Впрочем, мало ли к чему привыкаешь на войне!.. Этой войне шел только девятый месяц, а Мещеряк уже притерпелся к бомбежкам, землянкам, окопам полного профиля, трассирующим пулям, шороху мышей в соломе, тупым ударам зениток, сухарям и концентратам… Удивительно, как быстро и безропотно человек привыкает к войне, к лишениям, к близкому соседству смерти. И как трудно ему потом отделаться от фронтовых привычек! Мещеряк поймал себя на желаний преодолеть освещенное пространство бегом и вжаться в стену вокзала. Но что бы подумали сопровождавшие его бойцы?..

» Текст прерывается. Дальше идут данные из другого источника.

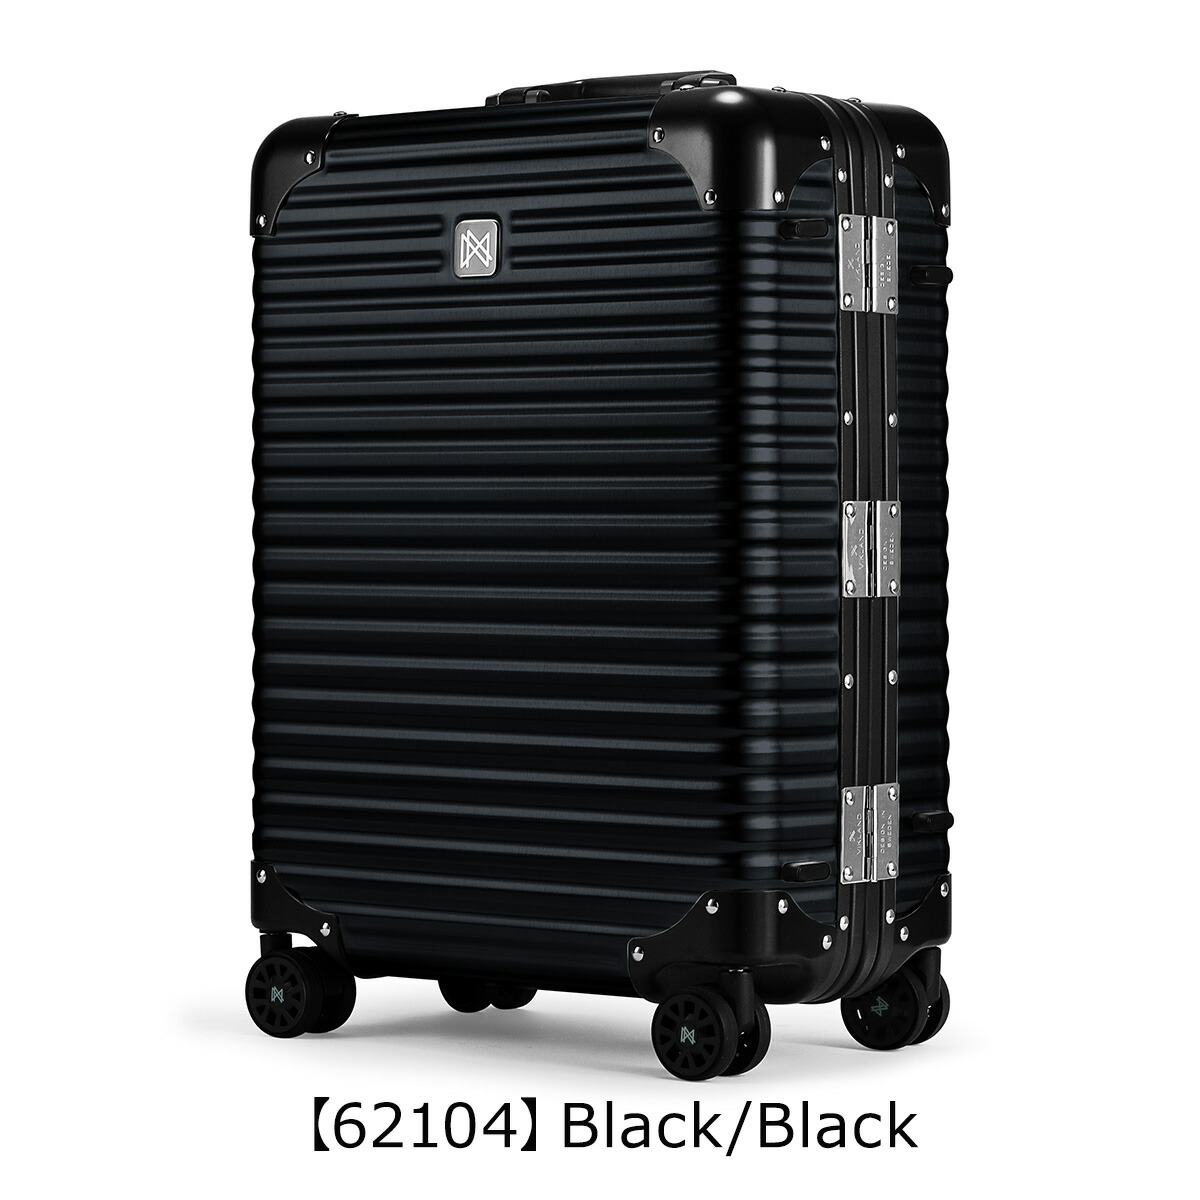 【62104】Black/Black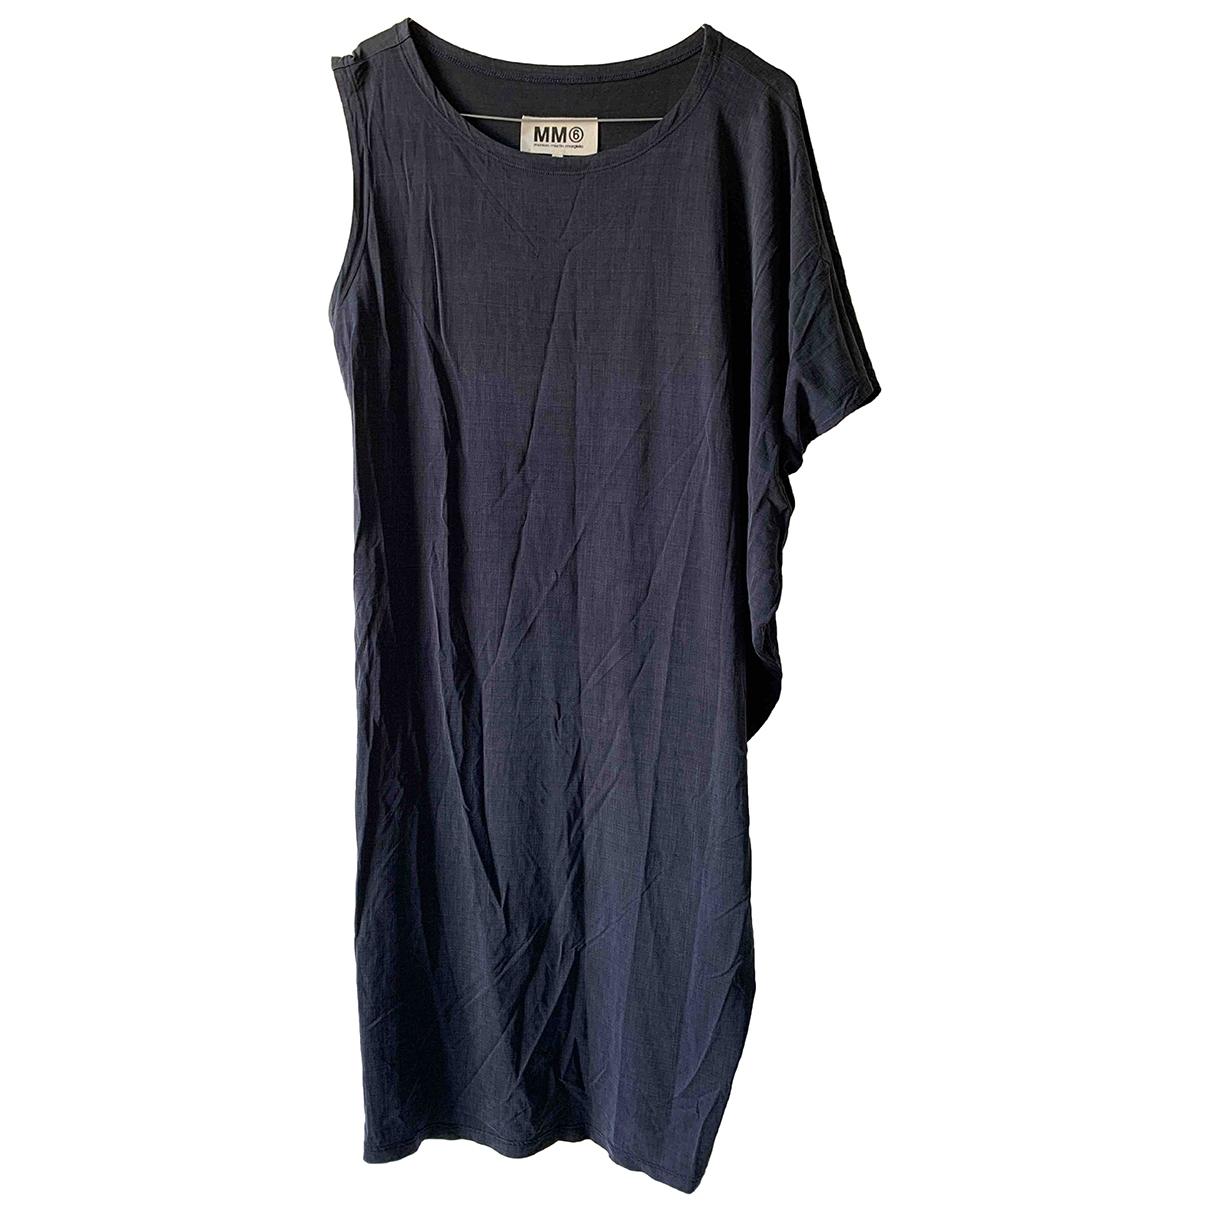 Mm6 \N Blue dress for Women M International

Сдерживая быстрые удары сердца, он заставил себя медленно дойти до конца перрона и вернуться обратно. Потом он рванул на себя дверь в зал ожидания, и его обдало кислым влажным теплом предбанника.

В зале ожидания нечем было дышать. Люди дремали на казенных деревянных скамьях с высокими спинками, копошились на замызганном полу… Они храпели, переговаривались, кормили детишек, переобувались. Их узлы и чемоданы загромоздили все проходы. Откуда они прибыли? Куда ехали?.. На их серых лицах было тупое безразличие.

— Двери!.. — крикнула какая–то женщина, и боец, замешкавшийся в дверях, торопливо притянул их. Такому голосу нельзя было не подчиниться.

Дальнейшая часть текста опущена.